Шерохов неотрывно смотрел на мелькавшие за окном машины камни и кустарники.
— Надеюсь, — сказал он капитану, — наши отряды петрографов возвращаются сейчас на «Митурича», набрав всевозможные образцы базальтов. Все пойдет впрок, когда мы углубимся в характеристику поднятий подводного плато Святой Елены. А у меня, признаюсь, дух захватывает, что вот-вот и мы доберемся до хребта Китового и в ответ на все наши усилия, — а работа предстоит напряженнейшая, — он подаст голос. Ну, а остров не обманул наших ожиданий…
11
Уже в океане Ветлин, выверяя курс «Петра Митурича» по карте, сказал Шерохову — тот пришел разделить с капитаном ночную вахту:
— Встреча все же произошла, хотя б потому, что могли мы во что-то вглядеться и в себя самих. И в обстоятельства наших дней, они-то рельефнее проступают, когда пытаешься разобраться в прошлом, чье дыхание нет-нет, а обдает, даже обжигает нас. И еще подумалось после знакомства с Пьером, наверное, психологическая фантастика Саймака рождена доверием к природе, вот такой, как на этом потухшем вулкане.
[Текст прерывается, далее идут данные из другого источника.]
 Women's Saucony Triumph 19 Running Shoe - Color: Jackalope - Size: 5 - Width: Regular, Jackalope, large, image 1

— Саймак и вправду чем-то смахивает на Пьера Монестье, он как бы вступает в заговор с таинственными растениями, и вы, Василий Михайлович, правы, я даже подозреваю, наш новый добрый приятель состоит с ним в духовном родстве. Пожалуй, Кларк и Саймак только мне и по сердцу из всей фантастики. Ну, если не считать еще Шекспира, он дал им фору на четыреста лет вперед, а все ходит, хитрец, в реалистах.
Ветлин рассмеялся.
— А с Наполеоном ох как не просто. И какая уродливая, но железная закономерность: блистательная личность, ума палата, талантище, а, став тираном, развел вокруг себя сонмище посредственностей. Приближал к себе чуть ли не заведомых предателей, чего стоят Фуше и Талейран, хотя они-то по-своему были уникальны. Но тут, на Святой Елене, он поздновато, а все же, кажется, предъявил себе счет. Ну, смолоду, сдуру, ошибаемся иной раз в людях. Порой даже катастрофично расплачиваемся за это всю жизнь. Но он-то?!
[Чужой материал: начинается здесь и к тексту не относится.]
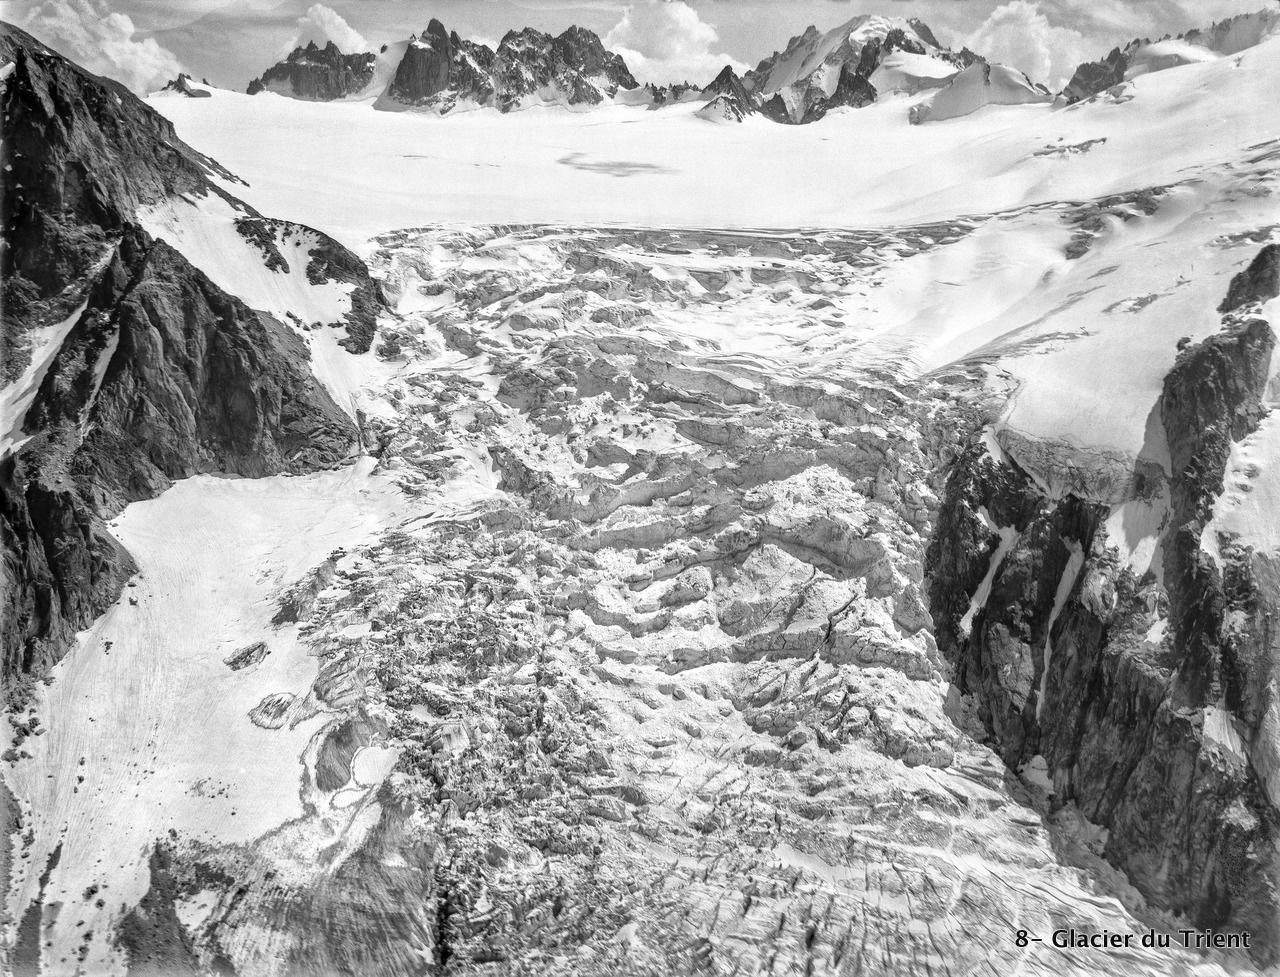 CH-NB_-_Glacier_du_Trient_-_Eduard_Spelterini_-_EAD-WEHR-32066-B.tif

Ветлин внимательно посмотрел на Андрея, выражение горького сожаления скользнуло по его лицу. Капитан понял: темная тень Эрика Слупского в этот поздний час наведалась к ним.
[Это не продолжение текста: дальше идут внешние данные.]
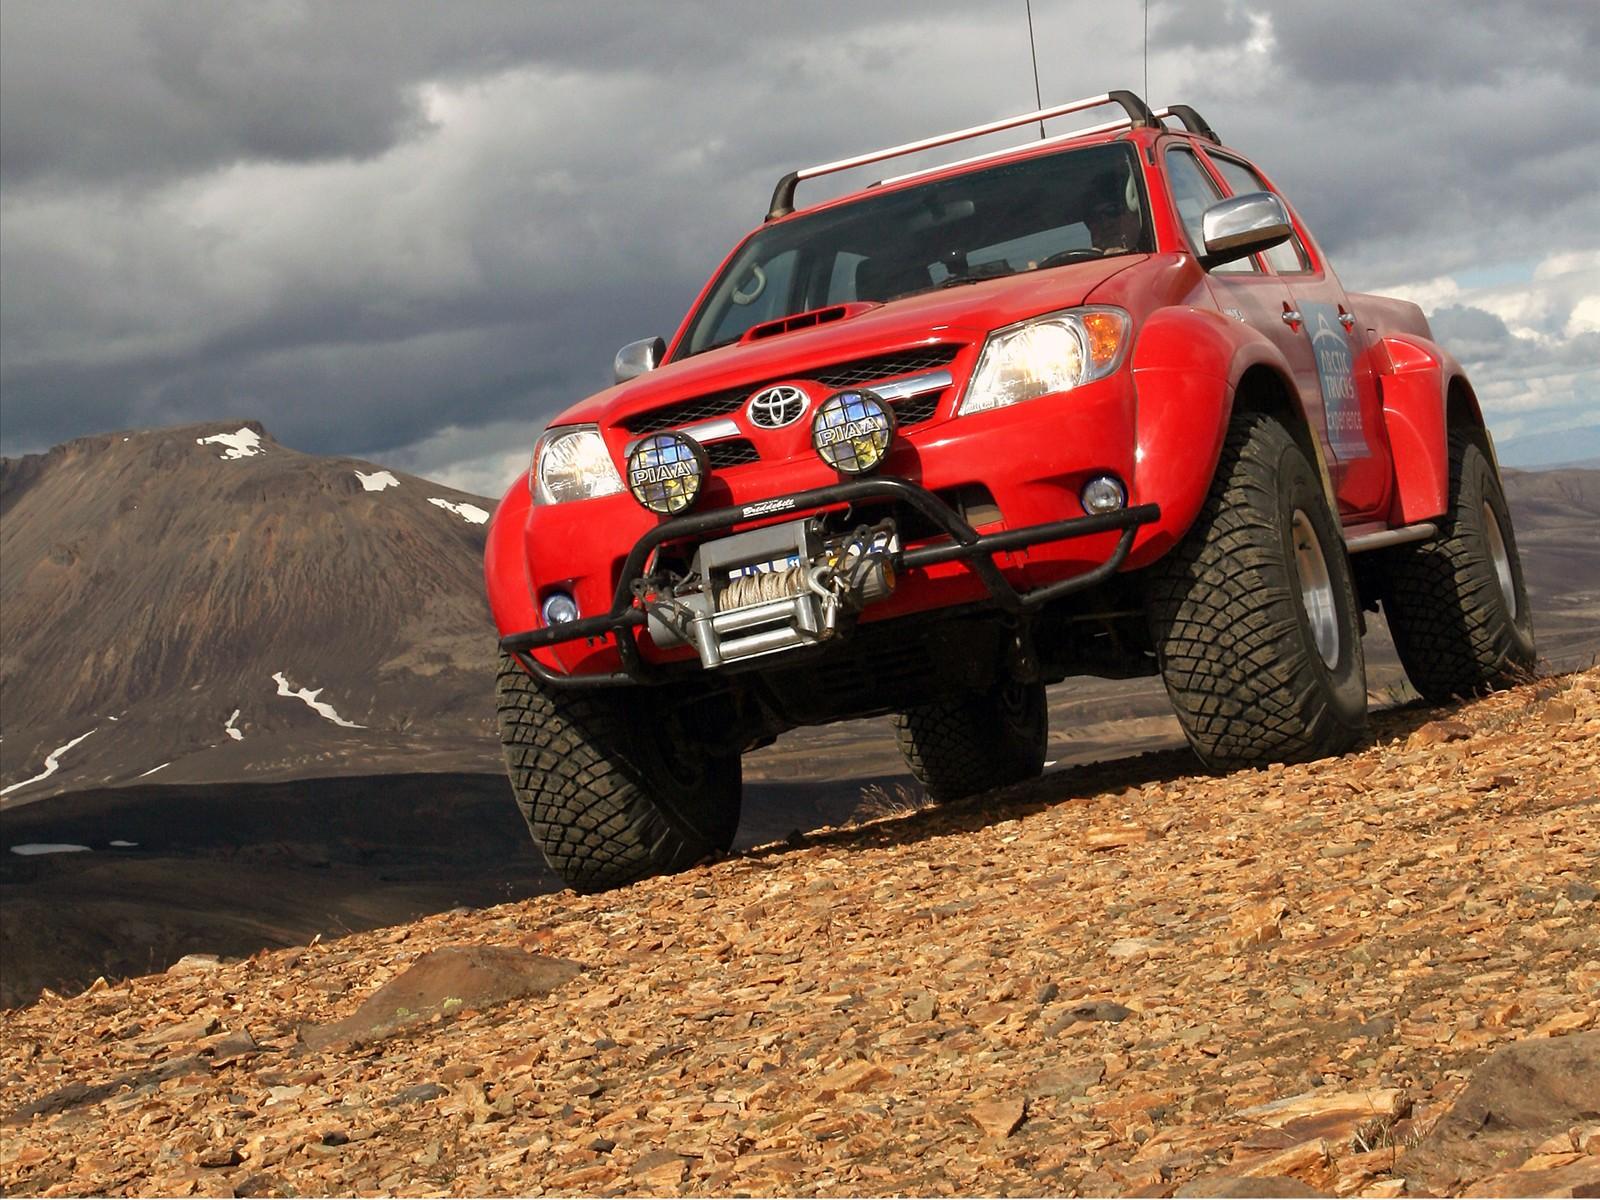 Toyota Hilux Wallpaper 14   1600 X 1200 stmednet 1600x1200

Ничего тут не попишешь, Ветлин ходил в рейсы и с бывшим другом Шерохова. Мог оценить его незаурядные знания, внешнюю выдержку, но и понять двойственность его позиций, лукавство, тщательно замаскированный и сильнейший эгоцентризм. Не раз и во время тех экспедиций прямо, а чаще косвенно Слупский пытался принизить, обесценить работы Шерохова, он третировал или переманивал в свою лабораторию учеников его. Ни дли кого не было секретом, что травля, какую он исподволь вел против друга своей юности, продолжалась.
Андрей размышлял:
— При уме и опытности Бонапарта такие просчеты? Тщеславие ли, гордыня оболванивают даже выдающихся людей. Болезни посредственности сокрушительны для личности незаурядной, вы не находите этого, Василий Михайлович?
— Я за жизнь устал от дурачья, грешен. Потому, хотя и совпадаю с вами в оценках, разрешил себе роскошь грустноватую, прямо скажем, сокрушаться во время визита в Лонгвуд по поводу кривых путей, которые прочертила такая блистательная комета. И еще отвратительно мне, хотя Наполеон и нами всяко судим, трусливое изуверство его английских тюремщиков.